I went to a native plants sale at a local nature center the other week and came home with a highbush blueberry, which now lives in my backyard. It's the little guy on the right. Blueberry is a really excellent native plant--they're a host plant for many species of caterpillars, the fruits are edible by both birds and people, and it has wonderful fall color. Highbushes can make berries with just a single plant, but they'll make more and bigger ones if they can cross-pollinate. There are other people in the neighborhood who have them, but I think we'll try to get a second one eventually (this one was the last one left when we bought it). It should get pretty tall, six feet or more, which is why I wanted to post a picture of it now, when it's just a little guy.

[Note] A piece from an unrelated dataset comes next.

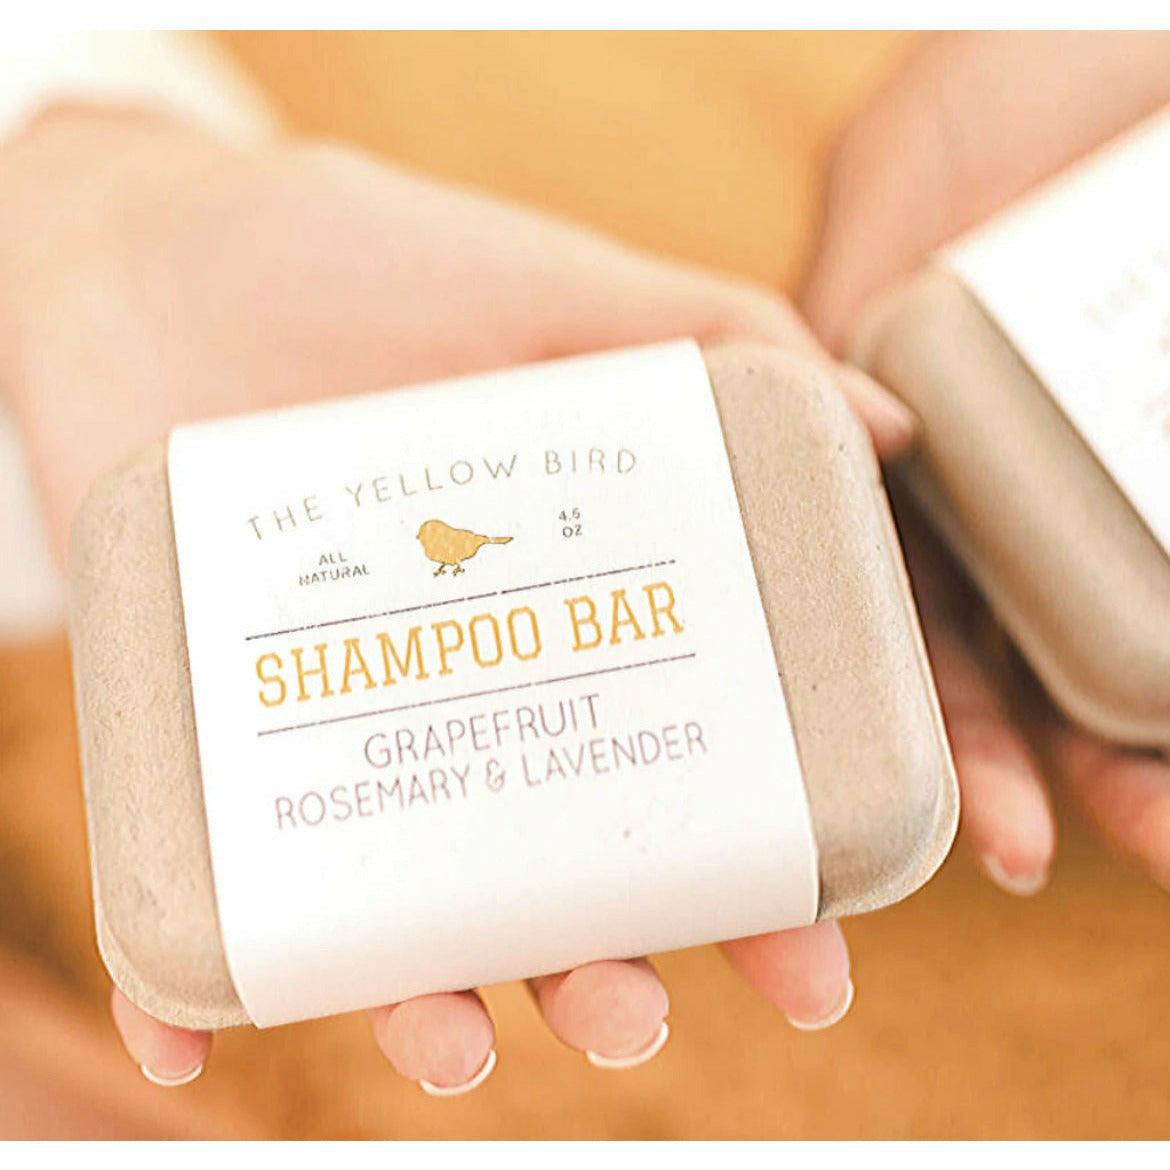 Bar Shampoo by The Yellow Bird, - Grapefruit Rosemary Lavender - Ninth & Pine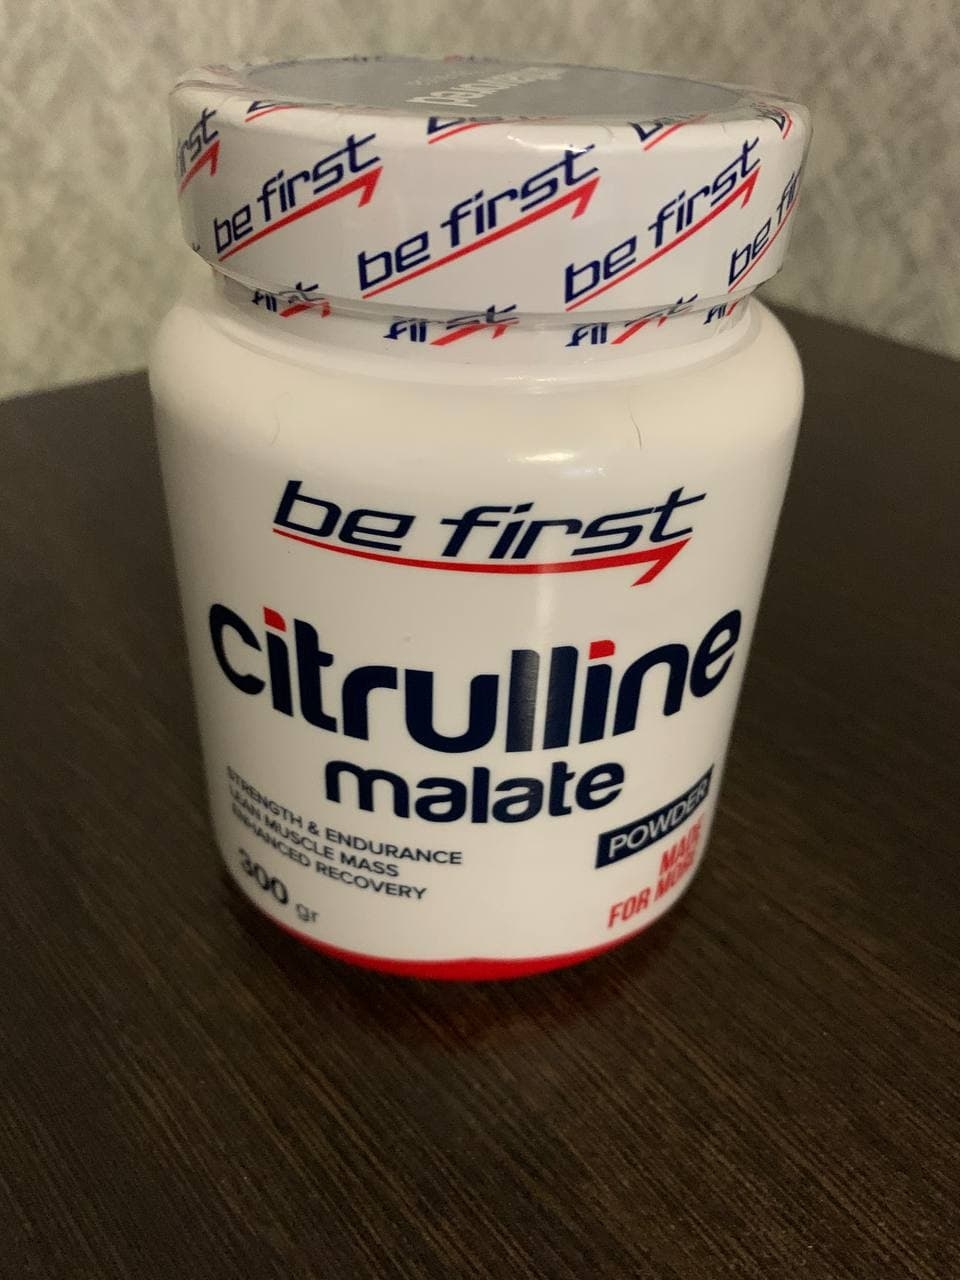 Be first Citrulline Malate Powder - Не хуже чем у западных производителей

The slightly taller plant on the left is a couple of summersweet suckers that came from the other side of the redcedar you can see in the background, like growing between the redcedar and the fence. I have no idea how that bush is planning to grow crammed down in there in complete shade. We'd rather have one further out in the yard, so we dug up two of the suckers and made an attempt to transplant them. We'll see how it goes! We had a summersweet at our old house and it was a really lovely plant.
Out of frame to the left of this picture is my vegetable garden, which grew one million pounds of zucchini this year. I'm eventually hoping to put a pollinator garden in this area, to attract plenty of friends to pollinate my veggies, and this is my head-start on it.